Untuk mendalaminya, pada Senin (22/6) sore kemarin, polisi menggelar pra rekonstruksi di dekat sekolah Jalan Brigjen Katamso. Namun, proses itu dilanjutkan secara tertutup usai warga datang bergerombol di lokasi untuk melampiaskan kekesalan kepada pelaku.

Pada hari yang sama, jenazah kedua anak yang  berusia 5 dan 10 tahun tiba di rumah duka usai  dilakukan autopsi di Rumah Sakit Bhayangkara Kota Medan. Kedua jenazah lalu dimakamkan di pemakaman setempat.

Seperti diketahui, jenazah kedua korban ditemukan oleh warga di dekat sekolah kompleks dalam keadaan tak bernyawa, pada Minggu (21/6) lalu.

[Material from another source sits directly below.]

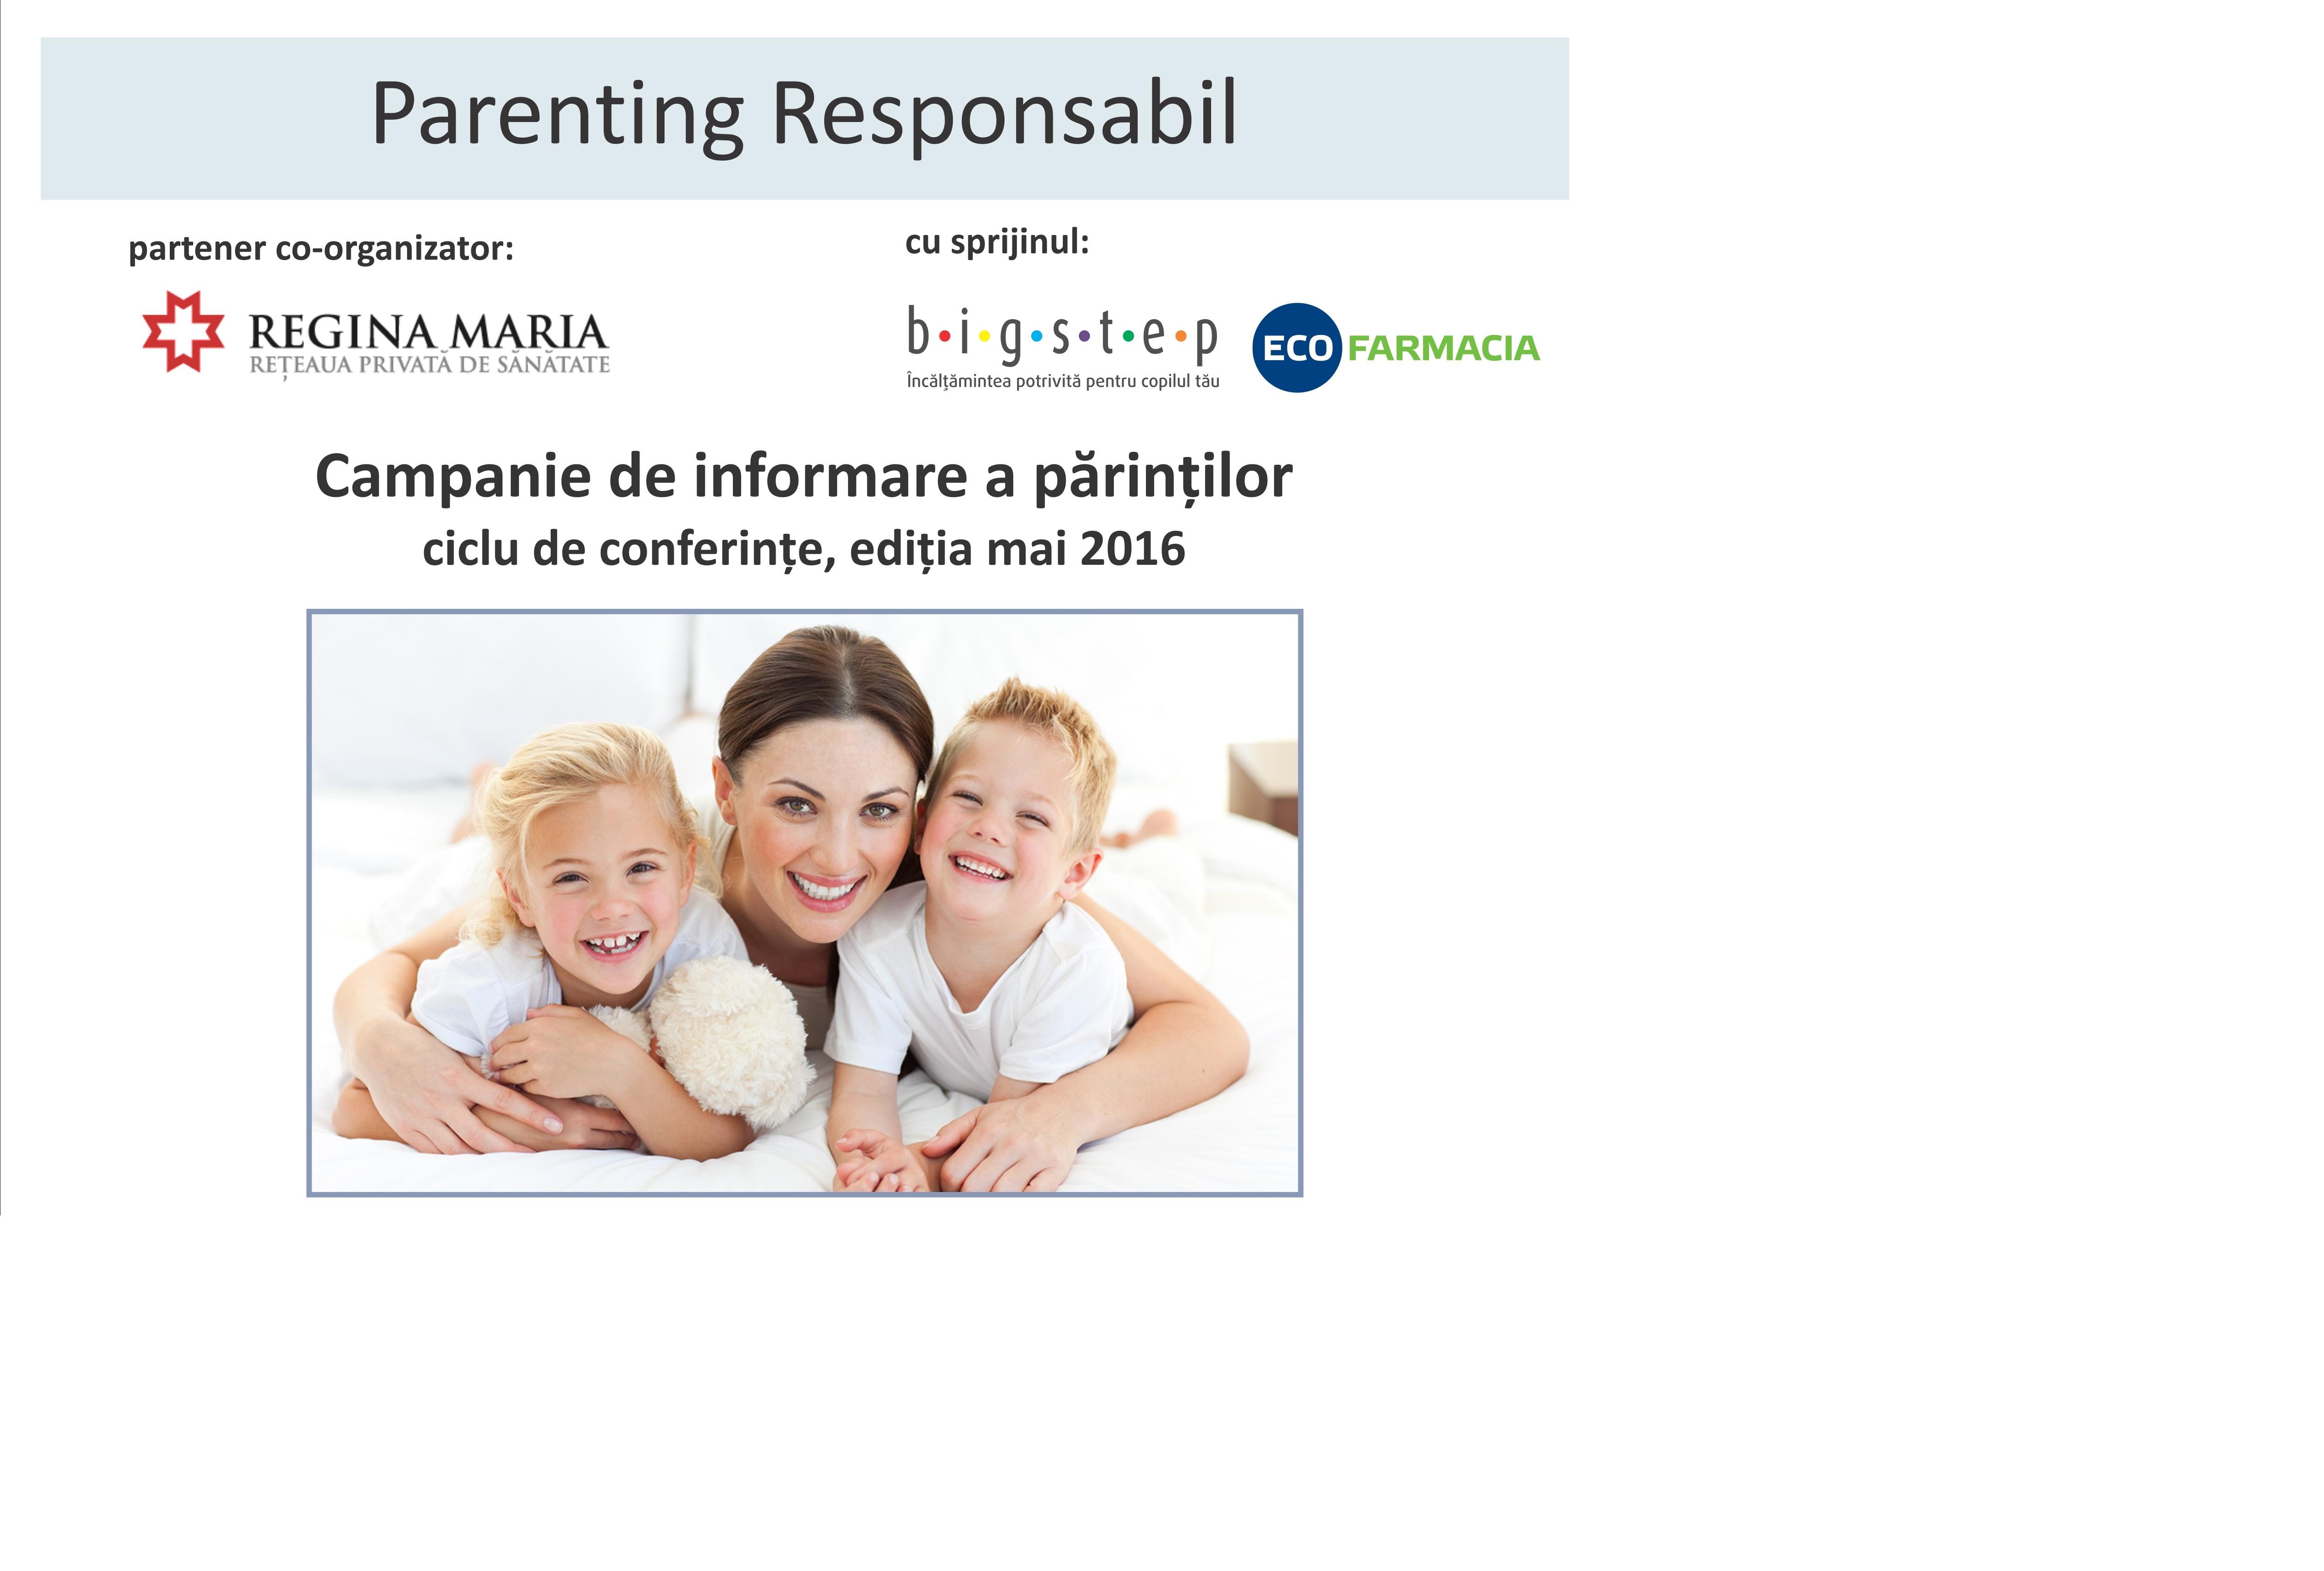 Ciclu de conferințe Parenting responsabil by Round Hill Club – ediția III

Sementara di rumah duka, nenek kedua korban, Muini tidak menyangka menantu nekat melakukan pembunuhan tersebut, pasalnya perilaku menantunya itu selama ini dinilai cukup baik.

Berdasarkan pengakuan Rahmadsyah, polisi menyebut pembunuhan terhadap kedua anaknya dilakukan di rumah kontrakan mereka di Jalan Brigjen Katamso, Gang Abadi, Jumat (20/6) malam.

Saat tengah menonton televisi bersama di rumah kontrakannya, kedua anaknya meminta uang untuk membeli es krim, kepada Rahmadsyah menjawab tidak punya uang yang lantas anaknya mengumpat ayahnya dengan perkataan pelit.

Rahmadsyah emosi mendengar perkataan itu dan melakukan kekerasan terhadap kedua anak tirinya hingga mereka tewas. Ia lalu membuang jenazah keduanya di samping sekolah.

Ibu korban sepulang kerja menanyakan keberadaan kedua anaknya, namun tidak ada jawaban. Hingga Minggu (21/6) pagi Rahmadsyah mengirimkan chat melalui Facebook kepada istrinya dan mengakui telah membunuh kedua bocah itu.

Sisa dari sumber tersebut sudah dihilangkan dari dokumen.